Cole v. Silverado Foods, Inc., 2003 OK 81, ¶ 8, 78 P.3d 542 (emphasis omitted) (footnotes omitted). Hence, "amendments relating solely to remedies and affecting modes of procedure do operate retrospectively and apply to pending proceedings. This exception cannot be invoked, however, if the amendment represents more than a mere procedural reform and intrudes upon substantive rights." Am. Airlines Inc. v. Crabb, 2009 OK 68, ¶ 12, 221 P.3d 1289 (citations omitted). We interpret these statements to mean that, so long as the legislative amendment is procedural or remedial and does not create, enlarge, diminish, or destroy accrued or contractual rights, it applies even when the amendment occurs during the pendency of an appeal. The Supreme Court of Alabama has addressed this issue directly:

Remedial statutes are exemplified by those that impair no contract or vested right, . . . but preserve and enforce the right and heal defects in existing laws prescribing remedies. Such a statute may be applied on appeal, even if the effective date of that statute occurred while the appeal was pending, and even if the effective date of the statute was after the judgment in the trial court.

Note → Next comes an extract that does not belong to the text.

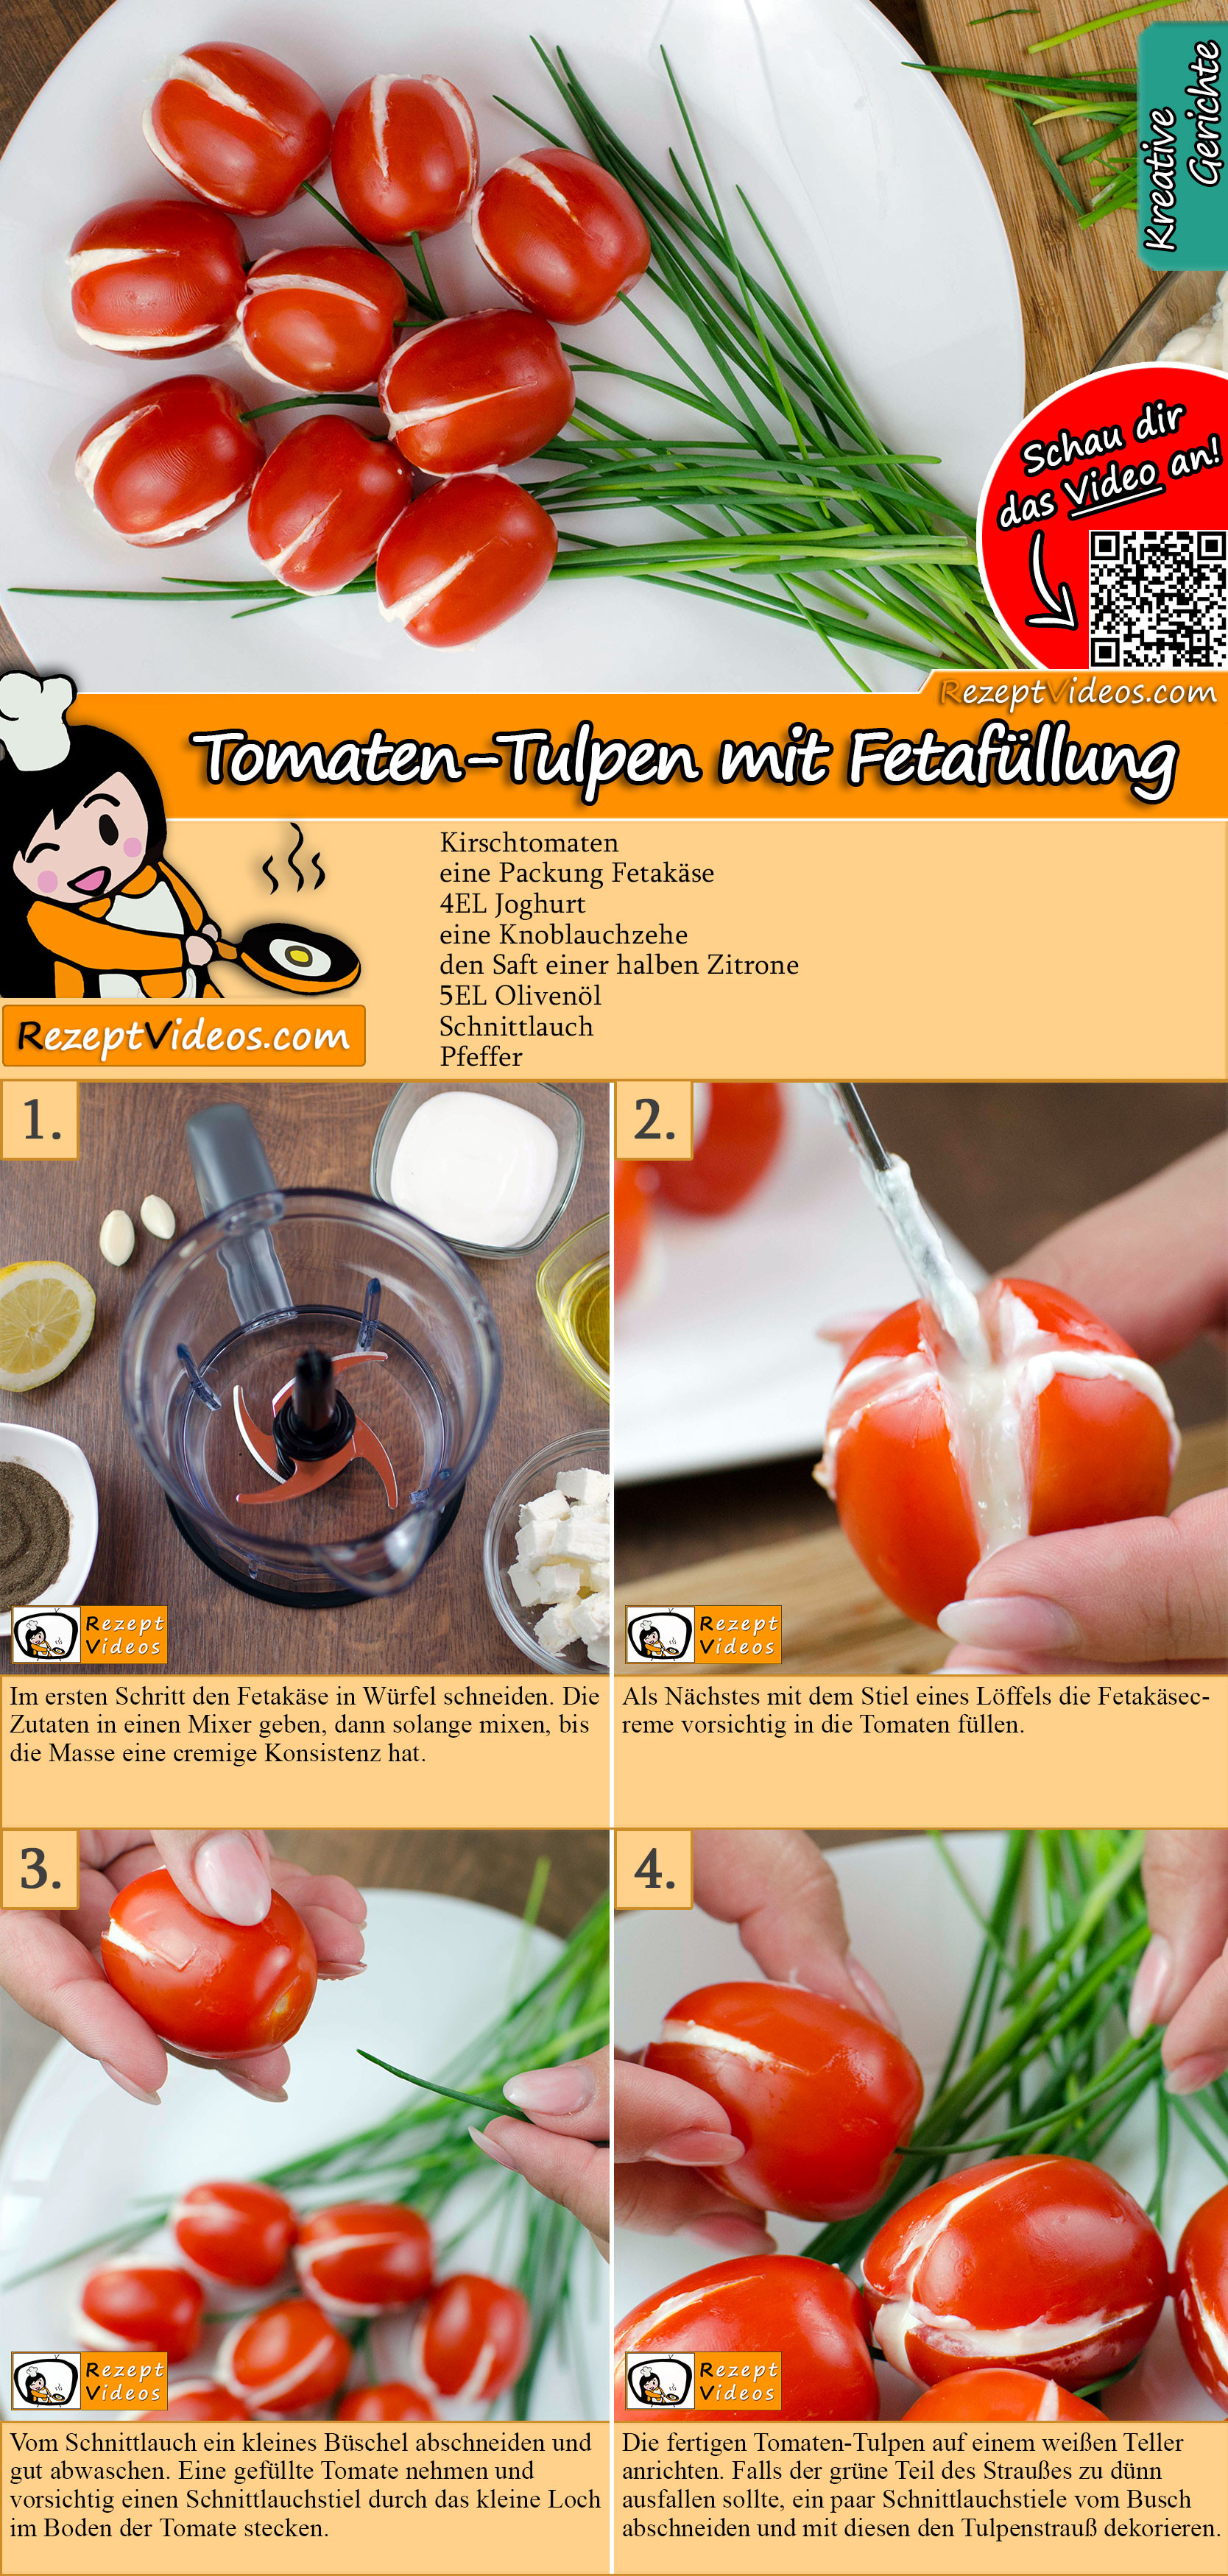 Tomaten-Tulpen mit Fetafüllung Rezept mit Video
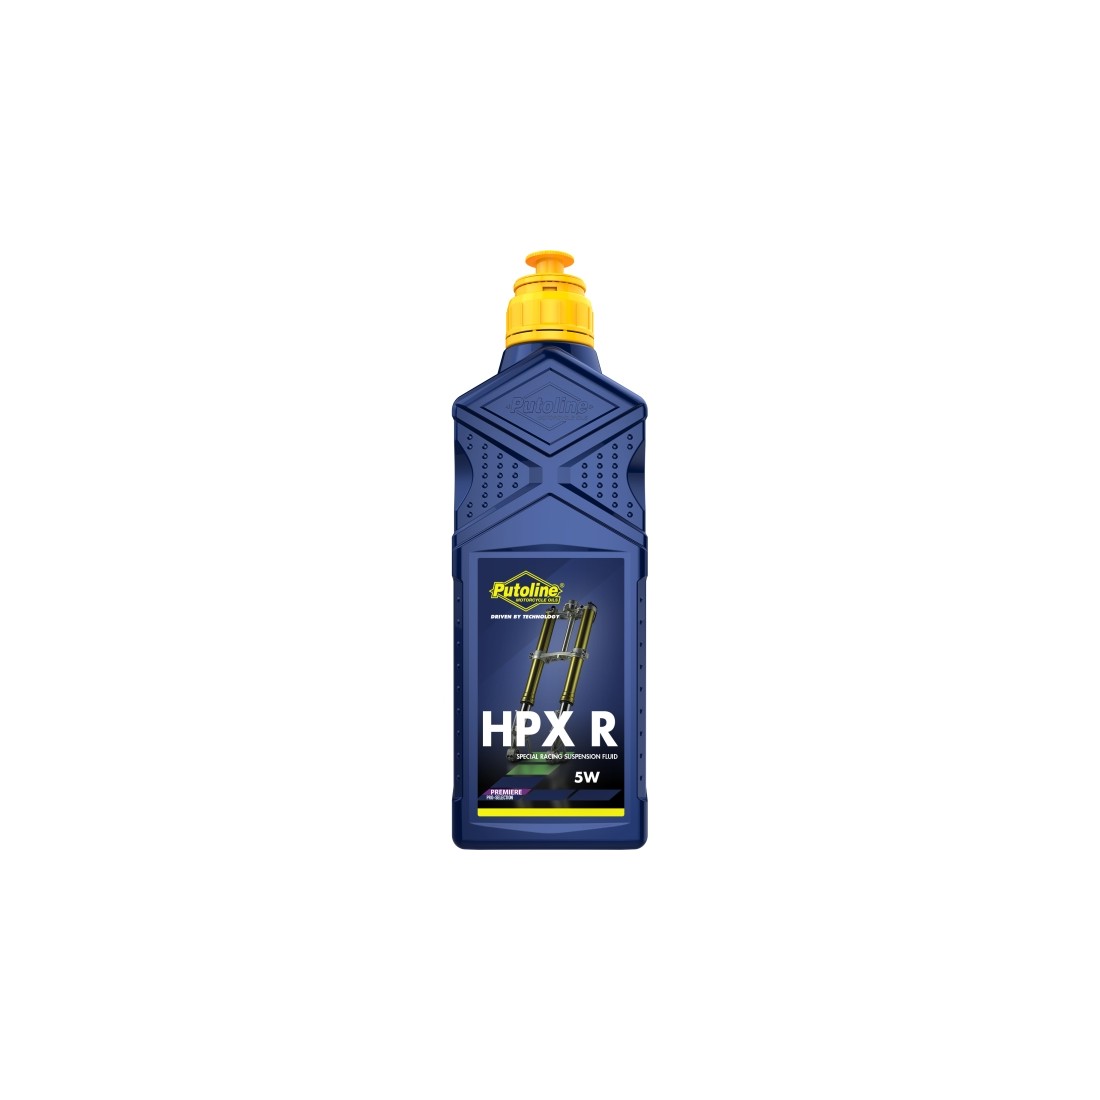 Putoline HPX R 5W 1L

Ex parte Bonner, 676 So. 2d 925, 926-27 (Ala. 1995) (internal quotation marks omitted) (emphasis omitted) (citations omitted). See also City of Clovis v. Cty. of Fresno, 166 Cal. Rptr. 3d 763, 775 (Cal. Ct. App. 2014) ("[W]hen statutes are remedial or procedural, courts consistently apply them in cases pending, including cases pending on appeal, when the statutes become effective, even though the underlying facts predate their effective dates. Courts apply new laws in that situation unless there is evidence of a legislative intent not to do so."). At least two jurisdictions have adopted a somewhat more restricted version of this rule. See City Council of Waltham v. Vinciullo, 307 N.E.2d 316, 319 (Mass. 1974) ("[S]tatutes which are remedial or procedural should be deemed to apply retroactively to those pending cases which, on the effective date of the statute, have not yet gone beyond the procedural stage to which the statute pertains.") (emphasis added); Workplace Sys., Inc. v. CIGNA Prop. & Cas. Ins. Co., 723 A.2d 583, 584 (N.H. 1999). Although the more restricted rule does not appear to be unreasonable, it is inconsistent with case law in Oklahoma, as demonstrated above, which prevents retroactive application of procedural or remedial legislation only where the Legislature has "expressed intention to the contrary" or where "such operation would affect substantive rights." Thomas, 1977 OK 164, ¶ 4. Because no contrary intention is expressed in the legislation at issue, and because operation of the 2016 amendment does not affect substantive rights, we conclude it applies to the present case.

6 We note that Petitioner's request for appeal-related costs and attorney fees inserted in his appellate brief does not comport with the mandatory requirements of Oklahoma Supreme Court Rule 1.14.